▸ **Exercise prompt**:
Give an exact copy of the data that follows, but none of its pictures.

▸ **Given information**:
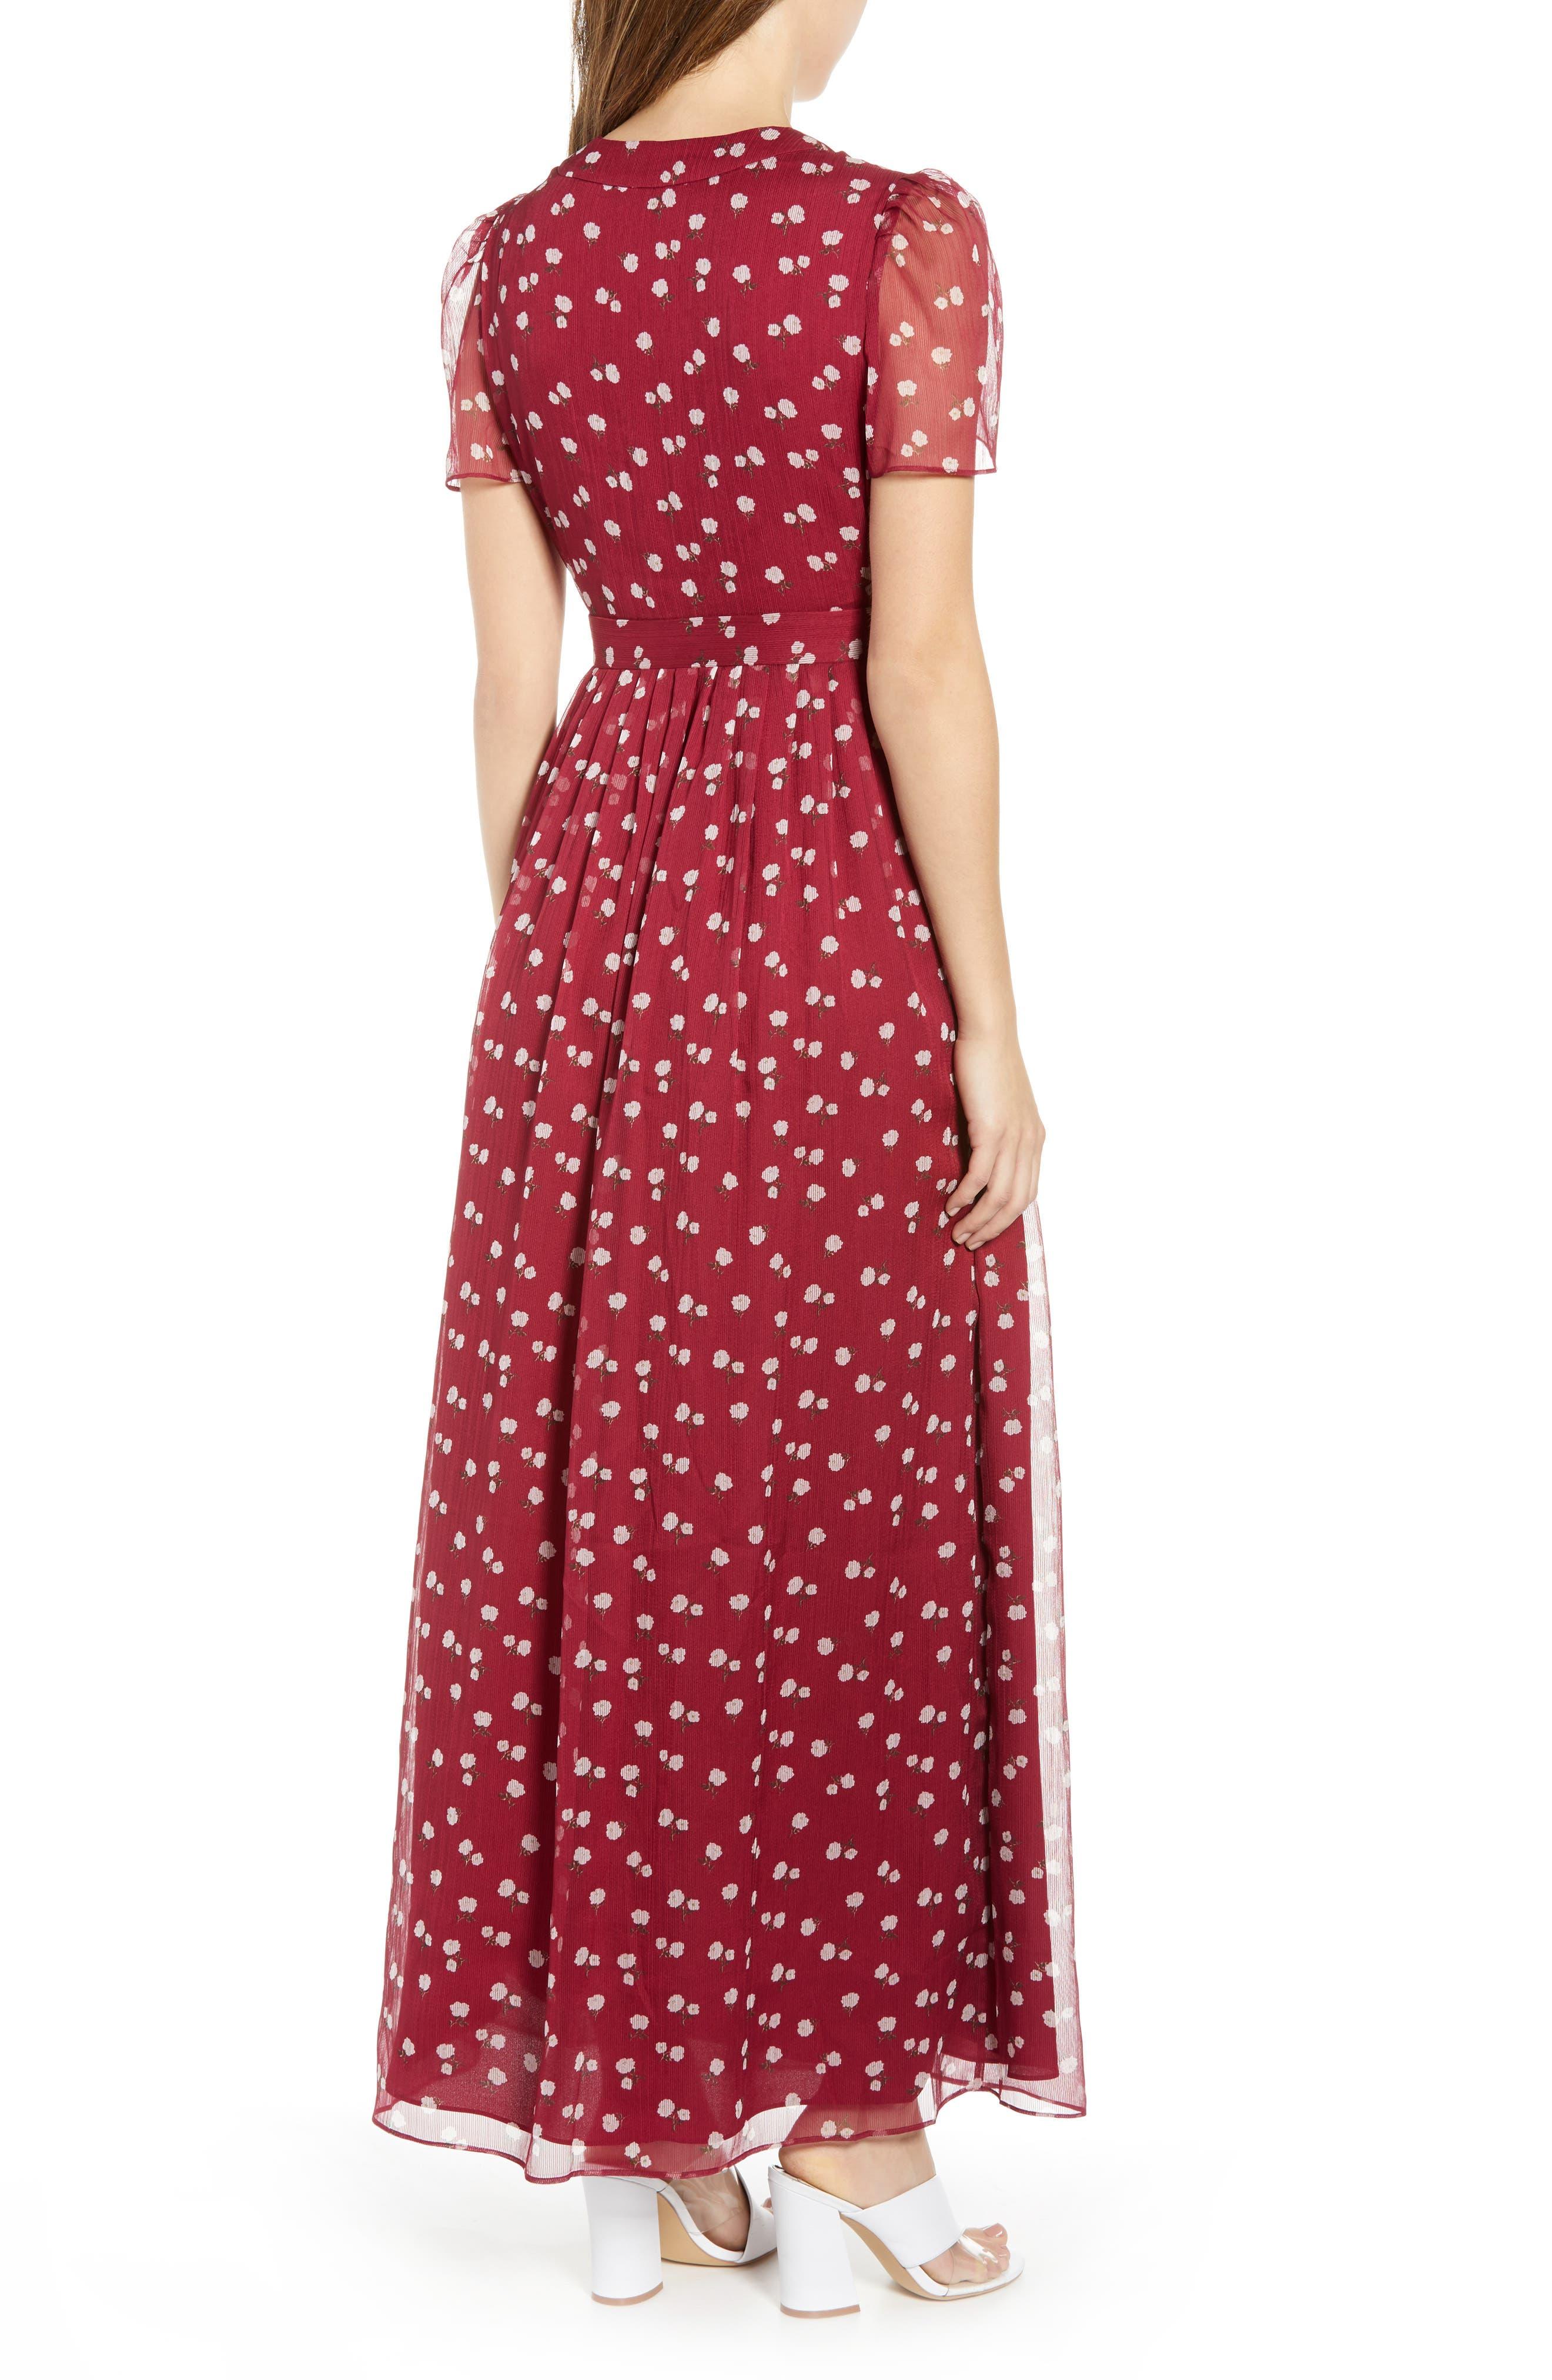 Rhoda Pleated Maxi Dress,                             Alternate thumbnail 2, color,                             BERRY MINI ROSES
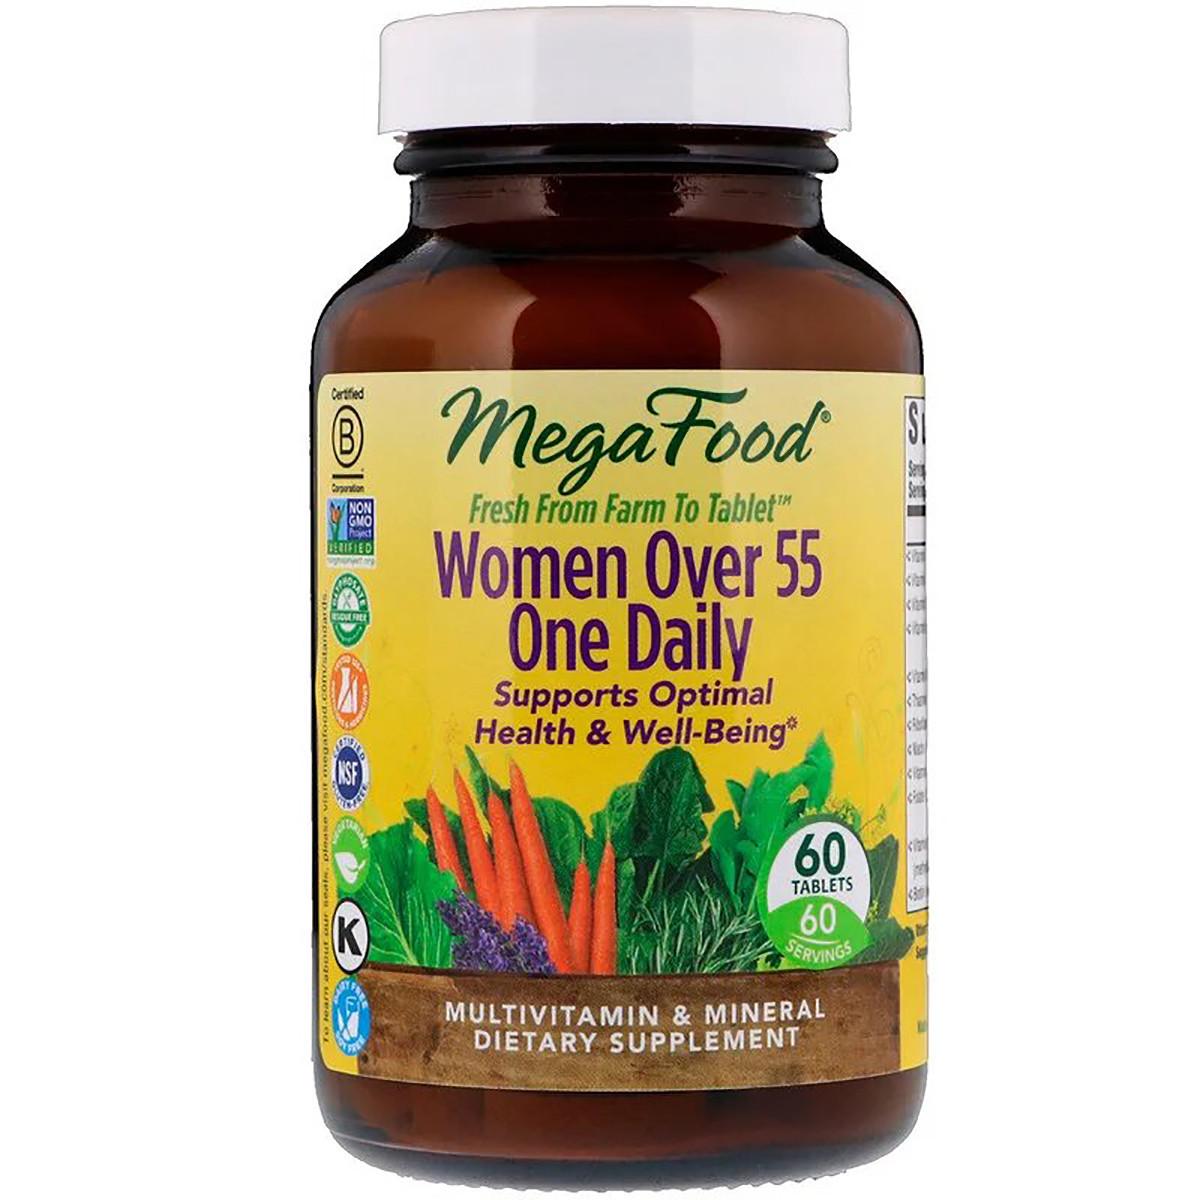 Мультивитамины для женщин 55+, Women Over 55 One Daily, MegaFood, 60 таблеток
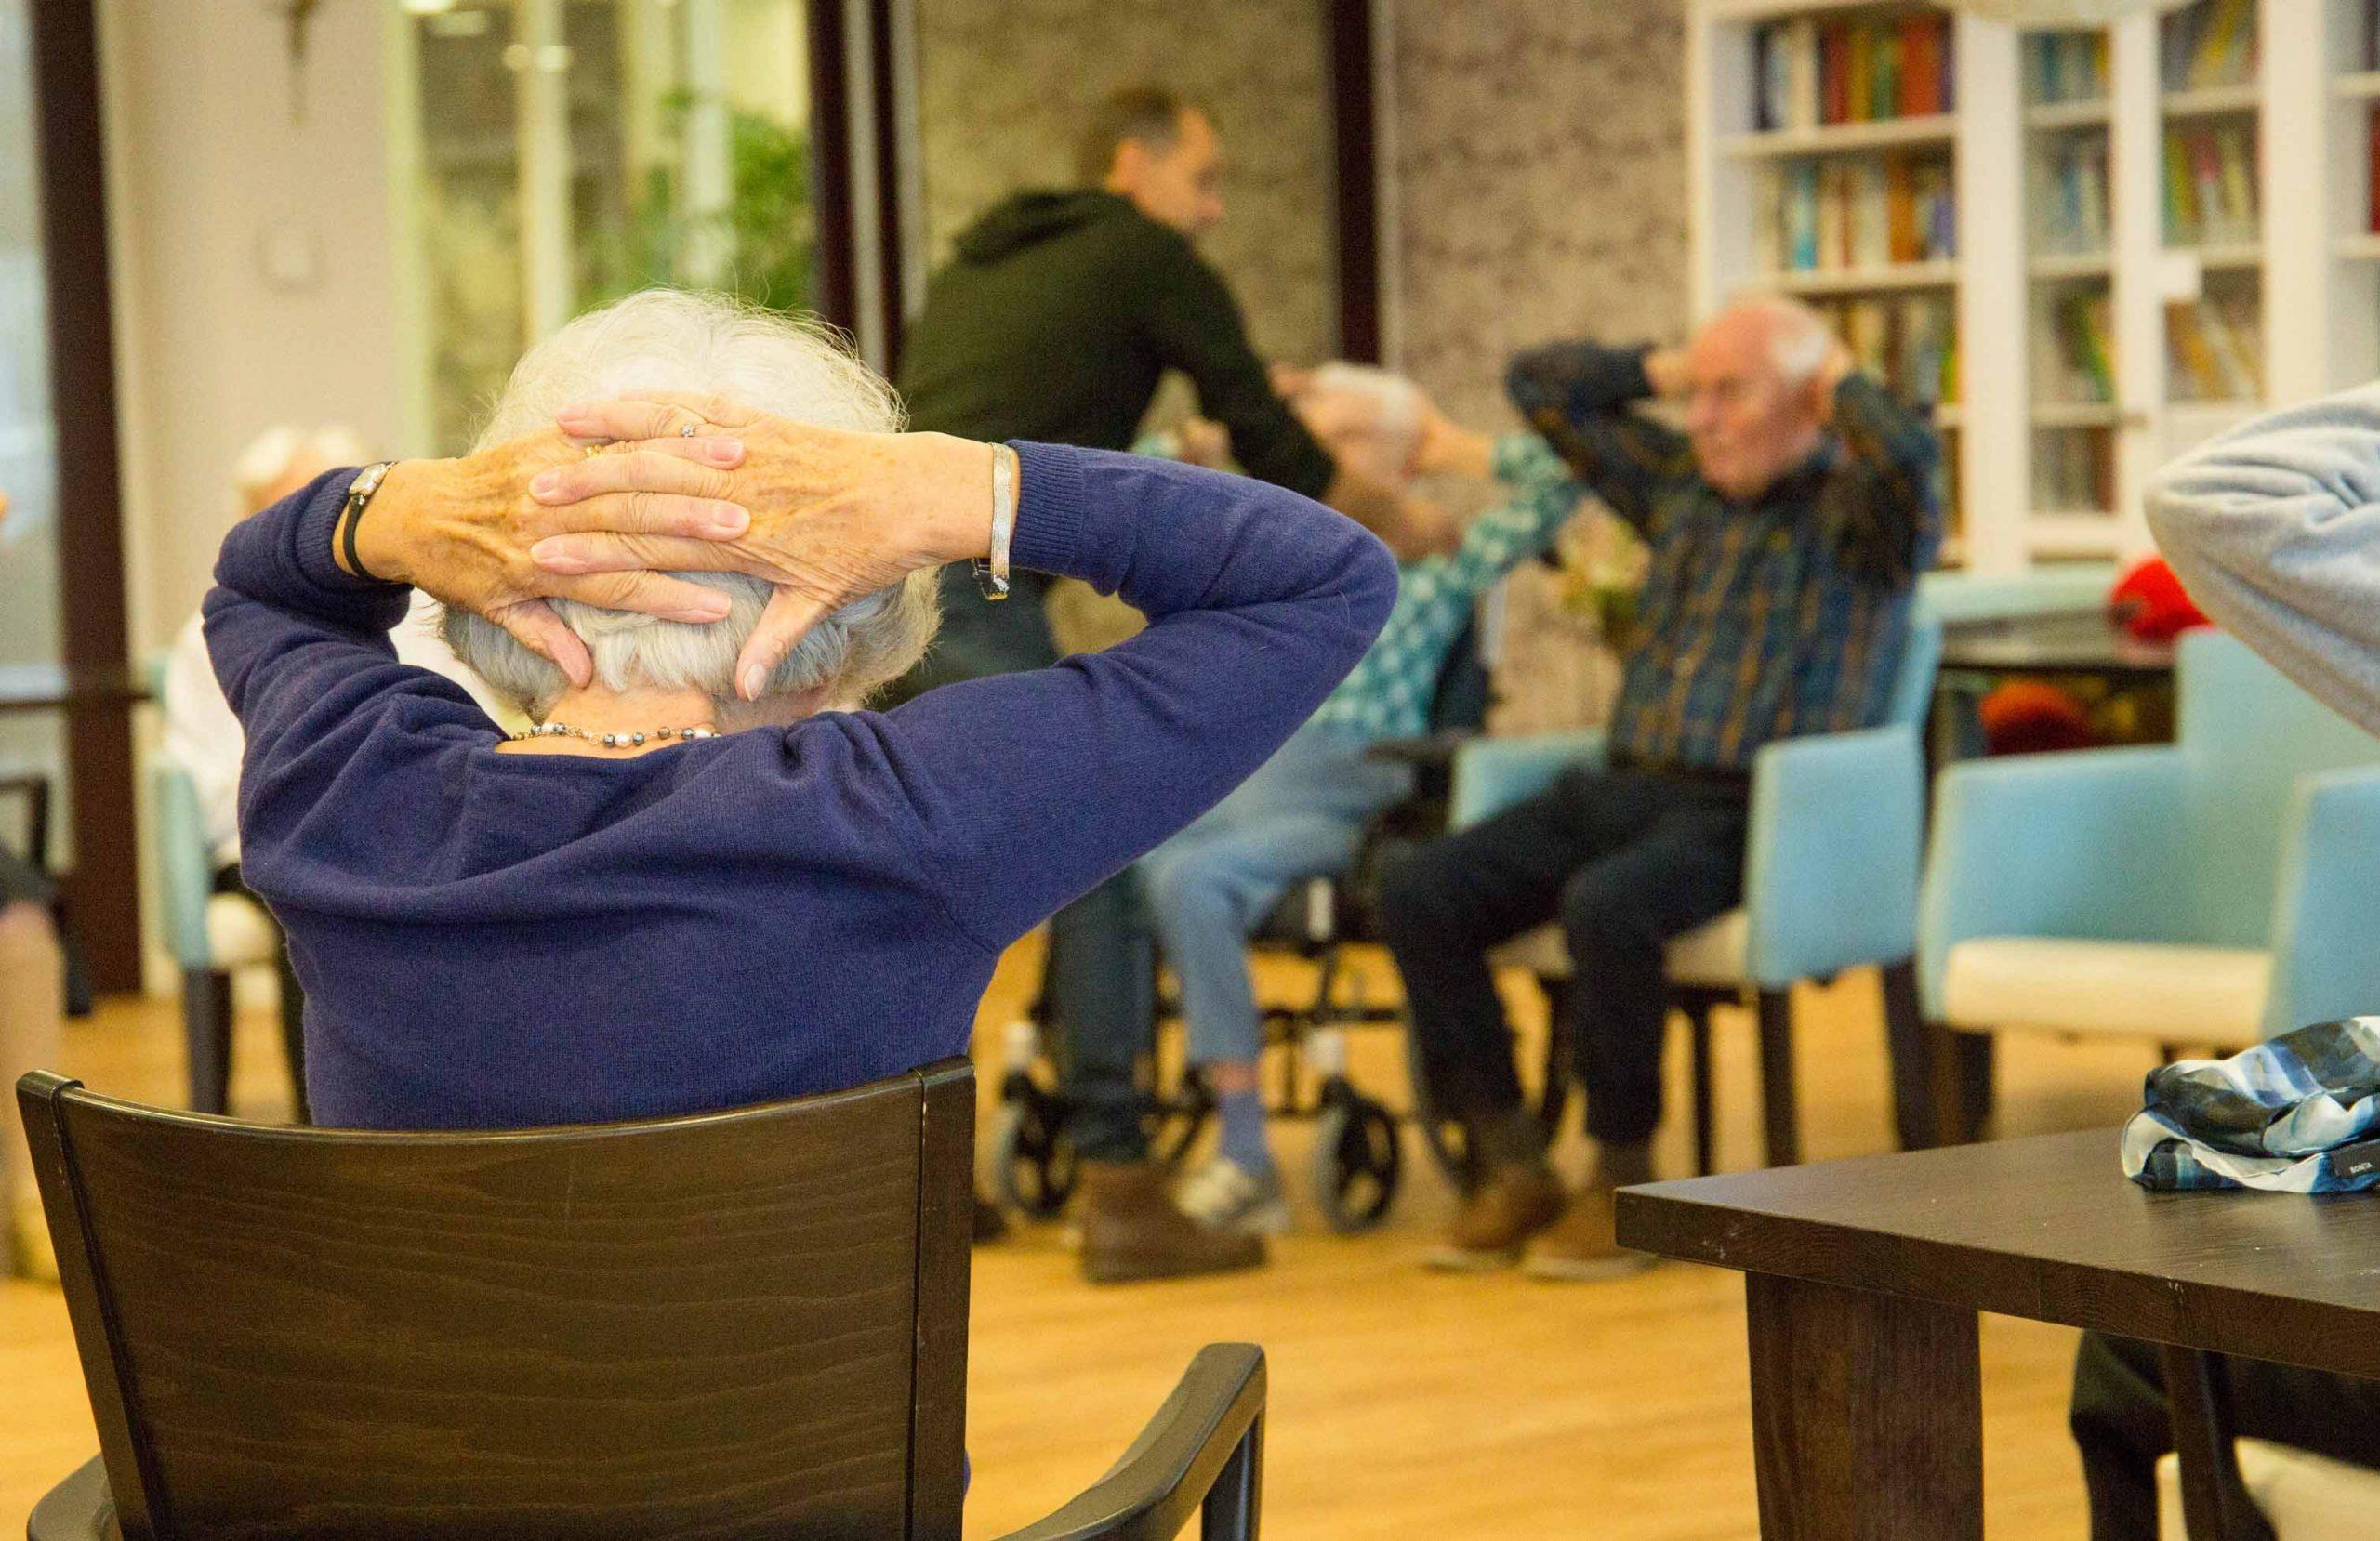 Ouderengymnastiek Leiden Roomburgh

▸ **Expected answer**:
 Rhoda Pleated Maxi Dress,                             Alternate thumbnail 2, color,                             BERRY MINI ROSES
 Мультивитамины для женщин 55+, Women Over 55 One Daily, MegaFood, 60 таблеток
 Ouderengymnastiek Leiden Roomburgh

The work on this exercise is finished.